(IslamToday ID) – Ekonom senior Rizal Ramli menyoroti utang Indonesia yang diklaim pemerintah masih di angka aman. Menurutnya, pejabat pemerintah saat menyatakan besarnya utang selalu menggunakan indikator yang tidak tepat.
“Memang banyak pejabat yang menjelaskan bahwa utang kita dikelola dengan hati-hati, bahwa pengelolaannya itu sangat prudent, sangat konservatif, dan lain-lain. Tapi kalau kita lihat angka-angka pertumbuhan utang, bisa dikatakan bahwa utang dan pengendaliannya itu ugal-ugalan. Sama sekali tidak hati-hati, sama sekali tidak prudent,” ungkap Rizal Ramli dalam acara di Bravos Radio Indonesia, Selasa (23/11/2021).
Ia mengatakan untuk membayar bunga utang saja pemerintah harus meminjam, jumlahnya sekitar Rp 375 triliun, ditambah utang pokoknya sekitar Rp 400 triliun, sehingga total Rp 775 triliun.
“Tetapi pemerintah biasanya memberikan data-data yang kelihatan meyakinkan, sering menggunakan indikator yang tidak tepat untuk menyatakan besarnya utang,” ujar Rizal Ramli.
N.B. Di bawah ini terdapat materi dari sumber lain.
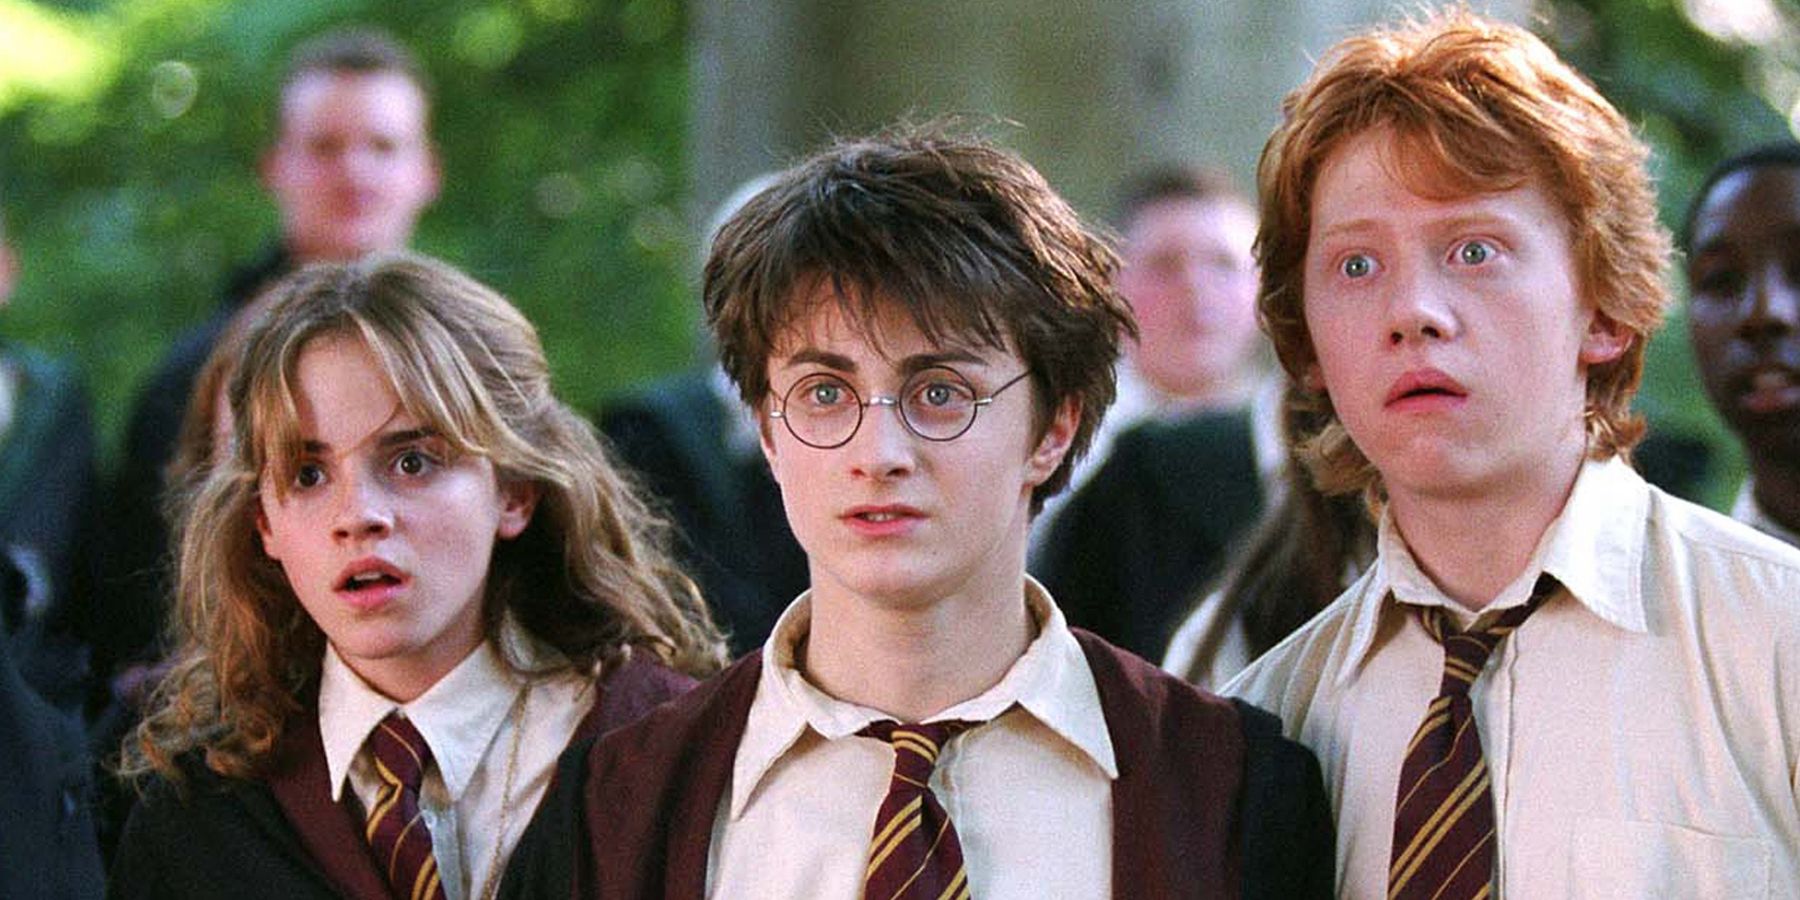 Harry Potter and the Prisoner of Azkaban Golden Trio

Ia melanjutkan, para pejabat pemerintah dengan sengaja menggunakan indikator utang per GDP. Mereka mengatakan bahwa utang kita itu masih rendah.
“Mohon maaf bahwa utang per GDP itu pada waktu dirumuskan oleh negara-negara OECD ada syaratnya. Boleh segitu asal tax rasionya di atas 15 persen. Padahal Indonesia sebelum pandemi 11 persen dan hari ini jauh lebih rendah lagi,” ungkap Rizal Ramli.
Ia juga mengkritik para pejabat yang coba membandingkan utang Indonesia dengan Amerika dan bahkan Jepang. Menurutnya, jika dibandingkan dengan Amerika jelas tidak ada apa-apanya.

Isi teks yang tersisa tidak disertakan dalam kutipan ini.